The relatively narrow bandwidth of gain for SBS in optical fibers is used to produce a peak-power limiter for undesired RF and RF-lightwave signals. The RF signals are amplitude modulated onto a lightwave carrier to create modulation sidebands. The limiter selectively attenuates those modulation sidebands that are stronger than a threshold level.
Thus, only strong frequency components are limited and the weaker frequency components become enhanced, in comparison. The advantage of the SBS approach to limiting is that it is passive, it self-selects the frequencies attenuated, and it affects only a narrow band at each attenuation notch. The SBS only affects a narrow band at each attenuation notch because the spontaneous bandwidth of the SBS effect in an optical fiber is typically smaller than 100 MHz. The system and method disclosed makes use of the relatively small bandwidth of the SBS effect to distinguish between the different modulation sidebands, which are spaced farther apart than the SBS gain bandwidth. Such frequency selective limiting is not normally achievable with electronic limiters. In addition, the disclosed system and method seeds the Stokes-shifted light into the main SBS medium (in the reverse direction) so that the length of that main SBS medium can be reduced. This seed is preferably generated in a separate ring or strand of fiber from the main SBS medium.
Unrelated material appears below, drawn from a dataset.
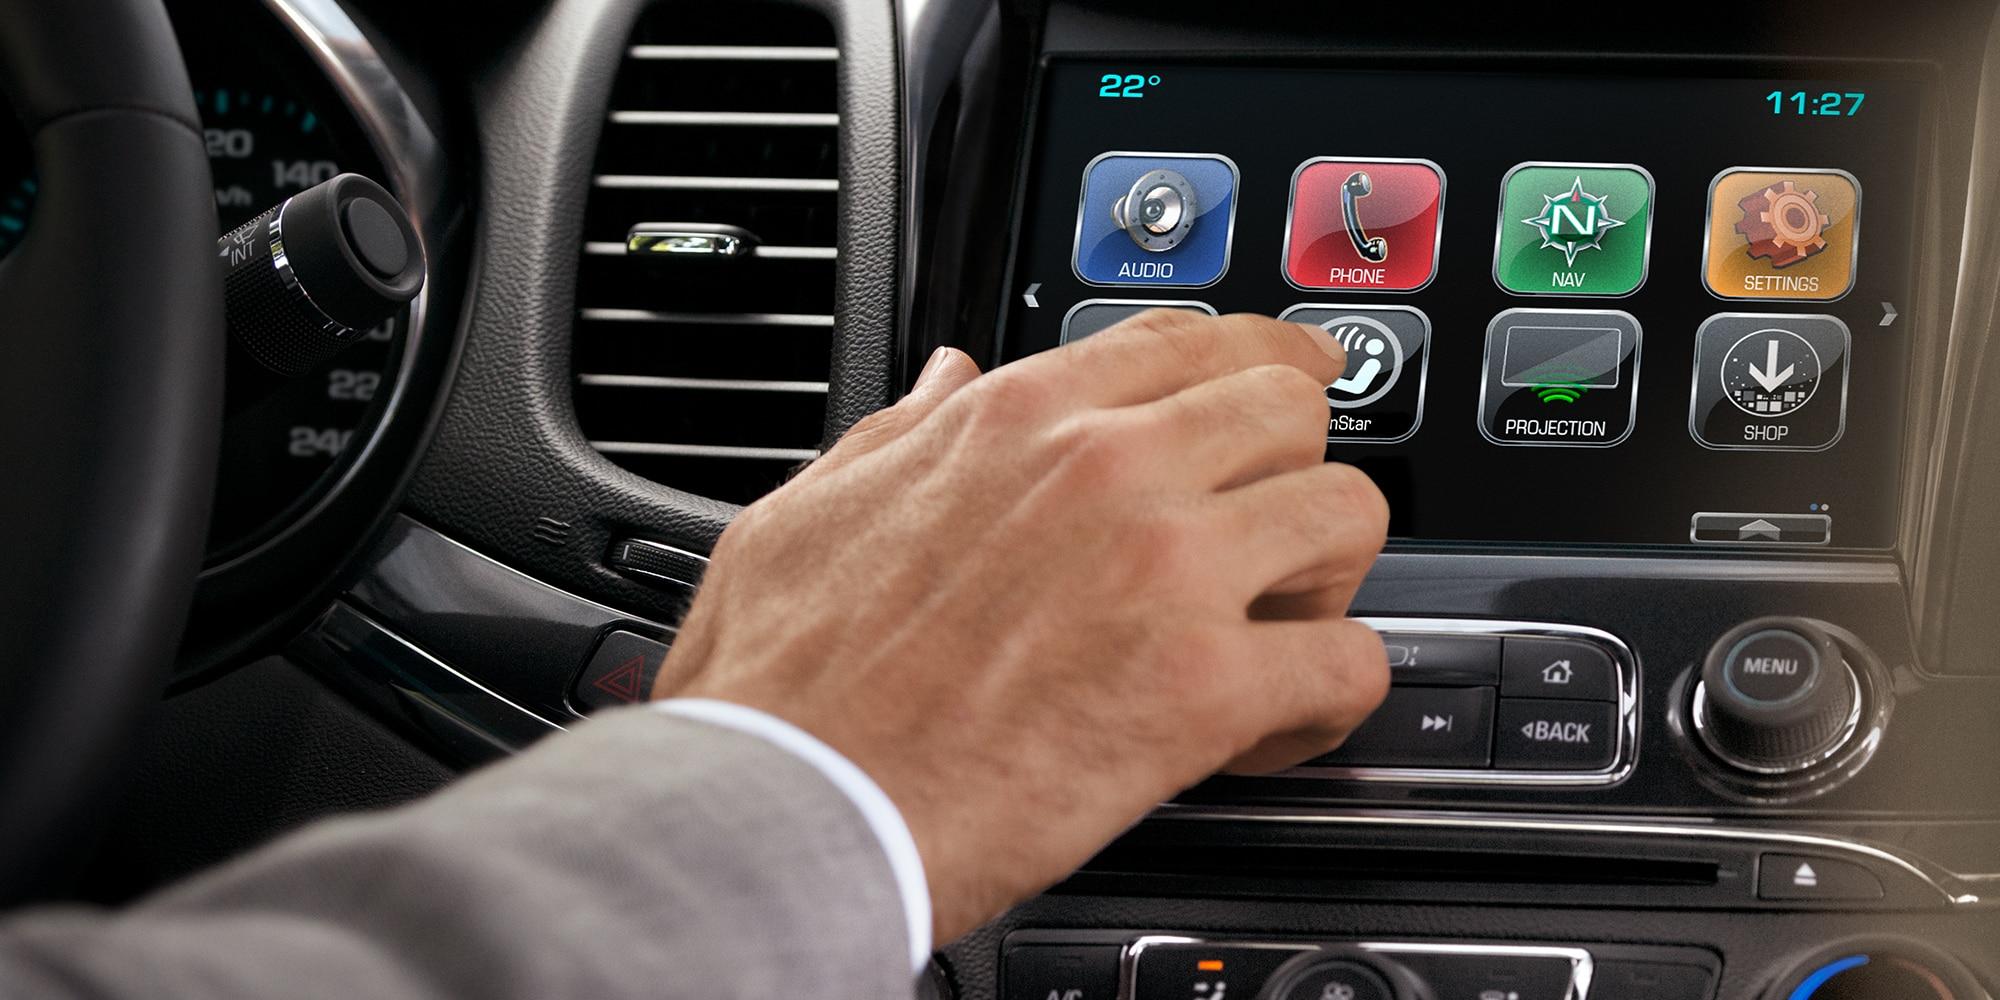 Funciones de Chevrolet MyLink: pantalla táctil

Previously, as disclosed in U.S. Statutory Invention Registration H 1,791, a long length of fiber (generally 25 km or greater) is used to sustain the SBS at common levels of optical power, generally below 10 mW for the frequency components attenuated. It would be desirable to either reduce the amount of optical power required and/or to shorten the length of the SBS medium 207 to thereby improve the system's signal-to-noise ratio. The use of shorter fibers in the SBS medium 207 would have reduced passive losses as compared to longer fibers required by the teaching of the prior art. Further, the use of shorter fibers for the SBS medium also has the advantage of reducing the four-wave mixing of multiple signal frequencies contained in the signal. Such four-wave mixing generated signals can create spurious noise in a long SBS fiber medium.